- reference-request fl.formal-languages circuit-complexity ho.history-overview context-free
- Updated Thu, 02 Jun 2022 13:01:26 GMT

Dyck languages $\mathsf{Dyck}(k)$ is defined by the following grammar $$ S \rightarrow SS \,|\, (_1 S )_1 \,|\, \ldots \,|\, (_k S )_k \,|\, \epsilon $$ over the set of symbols $\{(_1,\ldots,(_k,)_1,\ldots,)_k\}$. Intuitively Dyck languages are the languages of balanced parentheses of $k$ different kind. For example, $(\,[\,]\,)\,(\,)$ is in $\mathsf{Dyck}(2)$ but $(\,[\,)\,]$ is not.

In the paper

Dynamic Algorithms for the Dyck Languages by Frandsen, Husfeldt, Miltersen, Rauhe, and Skyum, 1995,

it is claimed that the following result is folklore:

$\mathsf{Dyck}(k)$ is $\mathsf{TC}_0$-complete under $\mathsf{AC}_0$ reductions.
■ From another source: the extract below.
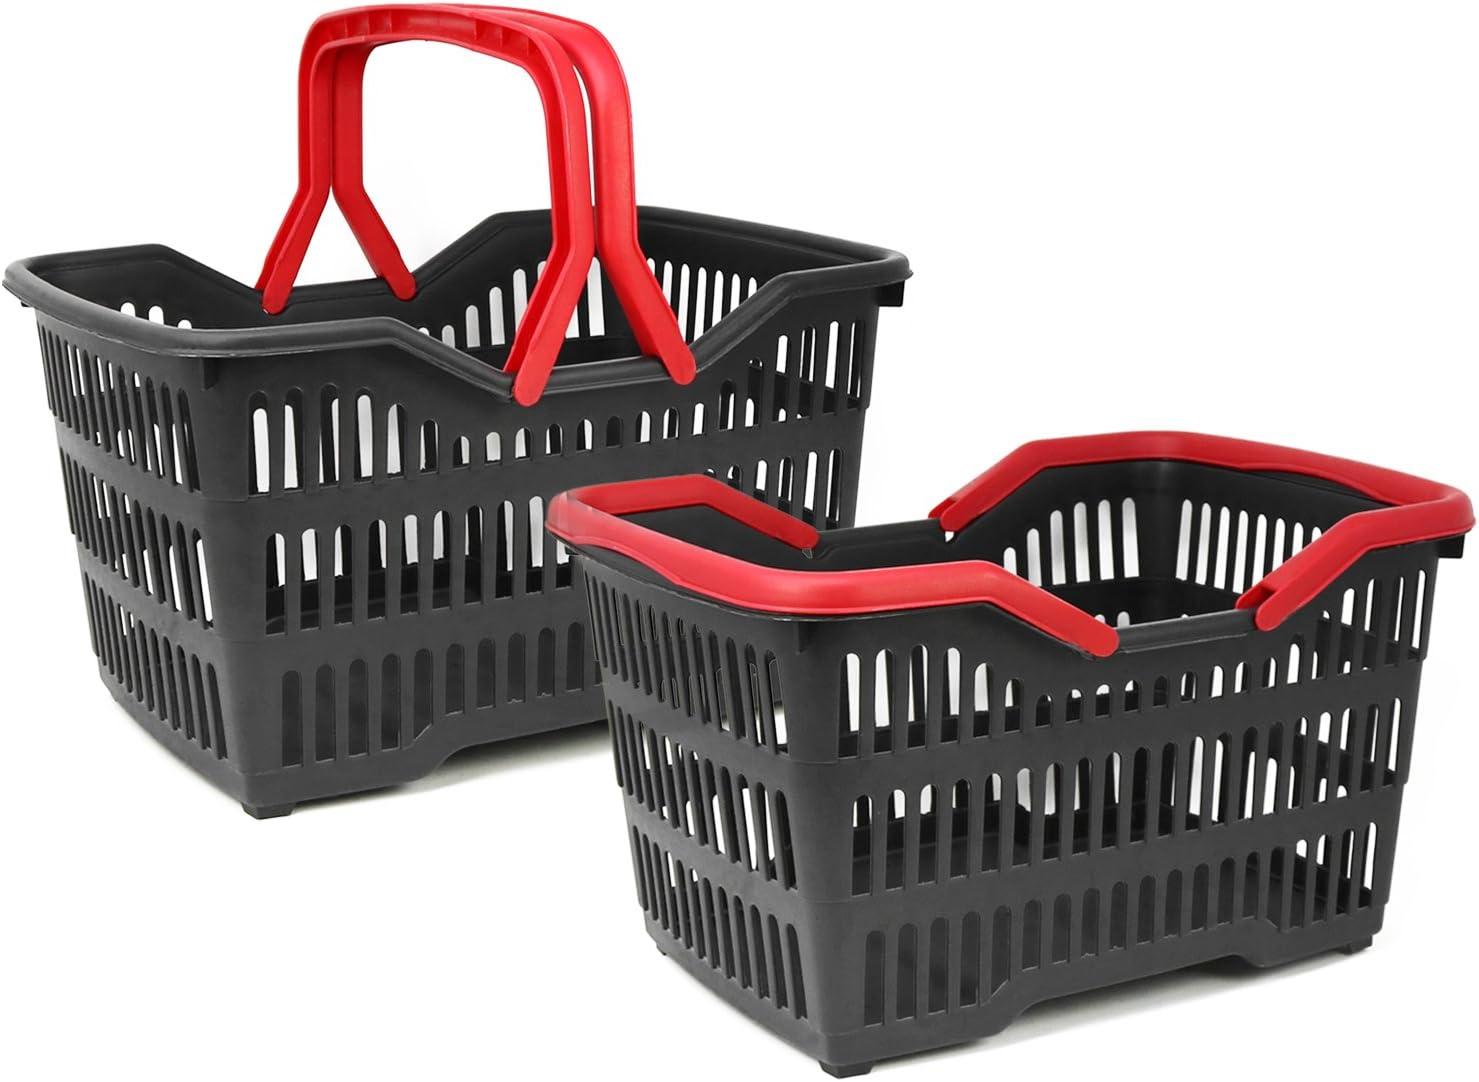 Cesta de pl/ástico Resistente en Negro//Rojo com-four/® Cesta de Compras con Asas de Transporte 001 Piezas - Negro//Rojo 39.5 x 29 x 22.5 cm

Is there any reference known for the above claim? In particular, I'm looking for any results that shows at least one of the following:

- $\mathsf{Dyck}(k)$ is in $\mathsf{TC}_0$ for arbitrary $k$.
- $\mathsf{Dyck}(k)$ is $\mathsf{TC}_0$-hard for arbitrary $k$.

The closest paper I can find is

Bi-Lipschitz Bijection between the Boolean Cube and the Hamming Ball, by Benjamini, Cohen, and Shinkar, 2013

which redirects me to the paper Log space recognition and translation of parenthesis languages by Lynch who proved that $\mathsf{Dyck}(1)$ (that is, normal balanced parentheses) is in $\mathsf{TC_0}$.

Any related papers are welcomed as well. Thanks!